O resultado veio logo na primeira dose do óleo importado clandestinamente. “Foi a primeira vez que ele conseguiu dormir uma noite inteira e, a partir de então, ele nunca mais internou. Saiu de 20, 30 crises convulsivas por dia para cerca de uma por semana. Hoje chega a ficar até 3 meses sem crise”, conta Leandro. No canal do YouTube do médico, ainda é possível encontrar vídeos que mostram o efeito praticamente instantâneo do medicamento à base de maconha nas epilepsias no garoto.
Assista:
“Acalma os meus pensamentos”, diz paciente
Casada com um pastor, Ângela Soares Perdigão Antonioni, de 40 anos, viu o seu mundo “virar de cabeça para baixo” em 2020, com a morte do jovem companheiro, que não resistiu às complicações do coronavírus quando ainda tinha 34 anos. Até então completamente distante da maconha, sem conseguir dormir e com dificuldades para enfrentar o luto, ela foi apresentada à AMA+ME pela irmã gêmea, que já conhecia a presidente da associação, Juliana Ceolin.

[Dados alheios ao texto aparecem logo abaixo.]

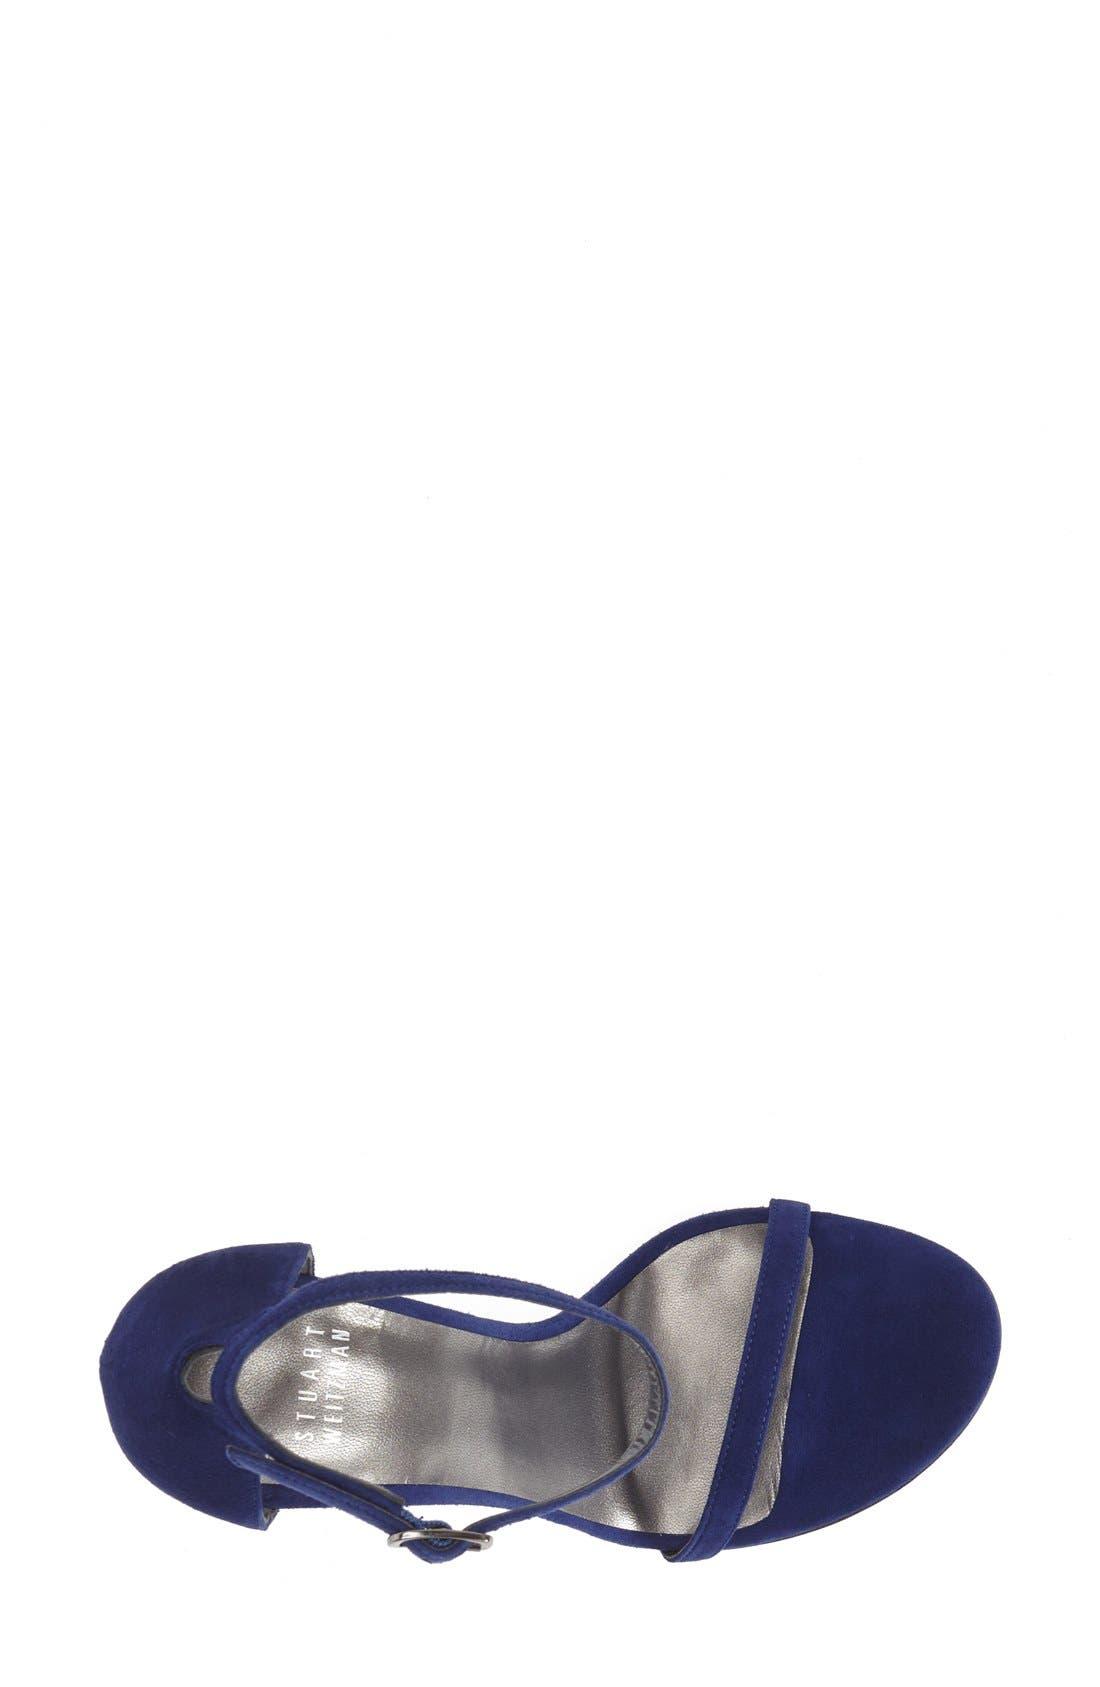 Nudistsong Ankle Strap Sandal,                             Alternate thumbnail 113, color,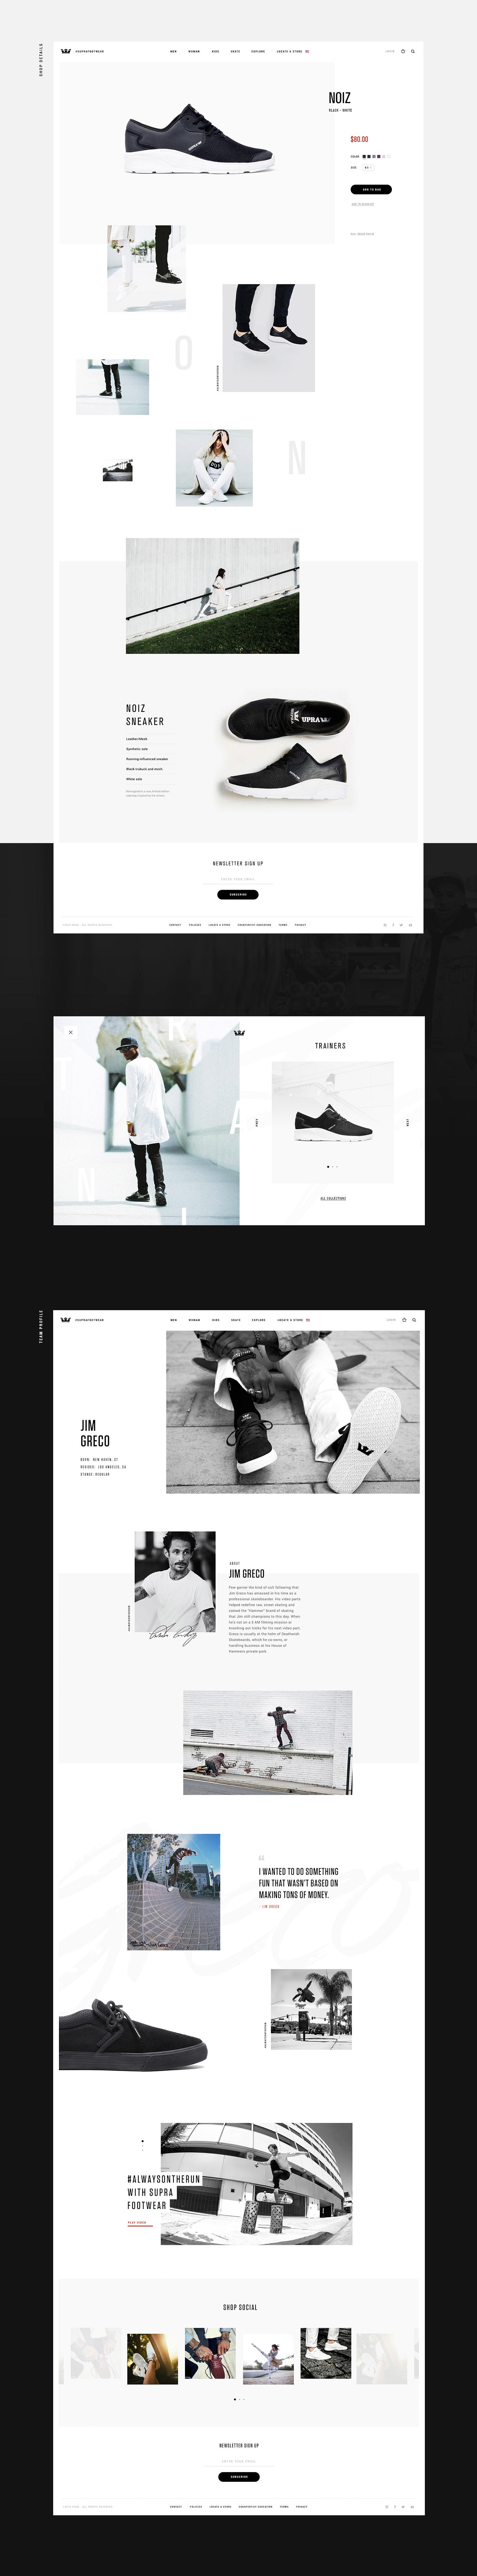 Supra interaction Ecommerce grid UI ux redesign animation  streetwear footwear

“A maconha me deu um norte em todos os sentidos. Voltei a trabalhar por causa dela, voltei a ter qualidade de vida, porque eu não dormia desde que o meu marido morreu. Minha cabeça ficava em estado de alerta, o tempo inteiro, assustada, com medo. Depois de quatro meses assim, eu passei a usar o THC para controlar a questão do sono. Mas me ajudou também na questão da ansiedade, da depressão. Foi um divisor de águas, pois ela (maconha) acalma os meus pensamentos, me ajuda a pensar com calma, me relaxa, me ajuda a dormir e, ainda, melhorou a minha fome”, conta.
Após quatro anos de tratamento, Ângela agora trabalha como acolhedora na AMA+ME, atuando diretamente com os pacientes. Segundo ela, ainda existe muito preconceito contra a planta, porém, aos poucos, isso está mudando. “Acabei de atender uma freira, irmã de caridade, de 87 anos. Ela teve acesso a esse tratamento por uma amiga. Eu até perguntei se a madre-superiora não tinha sido contra, mas ela disse que não, pois sabia que é um tratamento, que é natural. Então, acho que o boca a boca é a principal arma para esse tratamento chegar a cada vez mais pessoas”, diz, esperançosa, Ângela.
Como funciona
O médico Leandro Ramires explica que a maconha medicinal, hoje, já tem sua atuação comprovada para uma série de condições médicas. “A cannabis recebe todas as ‘pedradas’, mas, a estrela disso tudo é o chamado sistema endocanabinóide, que é um sistema biológico que está no corpo de todas as pessoas. Os componentes químicos dessa planta só simulam estes componentes endógenos e agem em busca de um equilíbrio do corpo”, explica o coordenador médico-científico da AMA-ME.
“A maconha regula o sistema nervoso que, por algum motivo, está funcionando de maneira indevida. Por isso serve para crises convulsivas e outras doenças degenerativas, como Parkinson, Alzheimer e demência. Mas ela (cannabis) também tem atuação no sistema imunológico, sendo indicada para doenças como retocolite ulcerativa, artrite reumatóide, psoríase, doença de Crohn e inúmeras outras que afetam a imunidade”, continua o médico.
Os medicamentos à base de maconha também são receitados para pessoas em tratamento de câncer (no aumento do apetite), dor neuropática, ansiedade, insônia, depressão, inflamações, doenças reumáticas, autismo, glaucoma, esclerose múltipla e fibromialgia, entre outras.